The line that separates the longevity space from the wellness space is measurement. Wellness asks how you feel. Longevity asks what your blood says. The two answers agree less often than you would hope, and when they disagree, the blood is usually right.
Fasting insulin. High-sensitivity CRP. Apolipoprotein B. HbA1c. VO₂ max as a number, not a sensation. These are not exotic tests — most are available through any ordinary lab — but they are rarely run together, and almost never run twice. The second measurement is the one that matters. A protocol that improves these markers over six months is a real protocol. One that doesn't is a story you are telling yourself.
The trouble with feeling is that it is a terrible instrument. It is exquisitely sensitive to sleep, to mood, to the placebo of having spent money, and almost entirely blind to the slow processes that actually determine how you age. You cannot feel your ApoB. You cannot feel your fasting insulin drifting upward across a decade. By the time a metabolic problem produces a sensation, it has usually been measurable for years.
The honest version of a longevity practice begins with a number you would rather not see.
This is why we treat a baseline as the first step, not an upsell. Before a protocol, a panel. The point is not to generate anxiety but to establish ground truth — a fixed reference against which any later claim can be checked. Without it, every intervention is faith.
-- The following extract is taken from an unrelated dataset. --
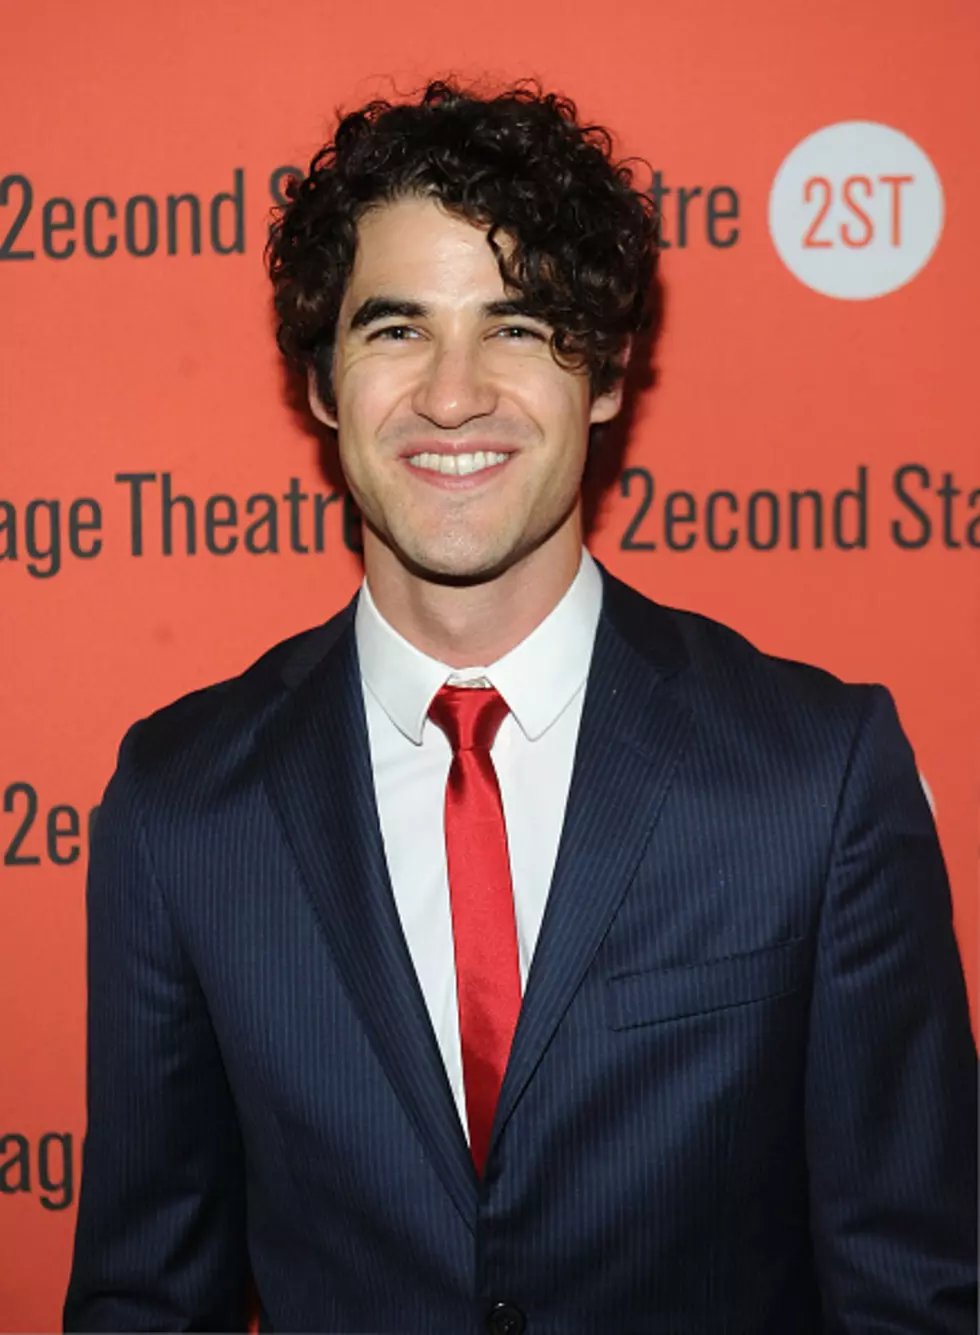 Darren Criss to lead ‘Hedwig and the Angry Inch’ on tour

What to test for depends on the person, but a sensible floor is metabolic (fasting glucose, fasting insulin, HbA1c), cardiovascular (ApoB, Lp(a) at least once, a full lipid panel), and inflammatory (hs-CRP). Add a functional measure — grip strength, VO₂ max, a timed walk — and you have a picture that no amount of feeling can give you.
Then you wait. You hold the protocol steady for long enough to mean something — three months, six is better — and you draw again. The delta is the verdict. It is unglamorous, occasionally humbling, and the only honest way to know whether any of it is working.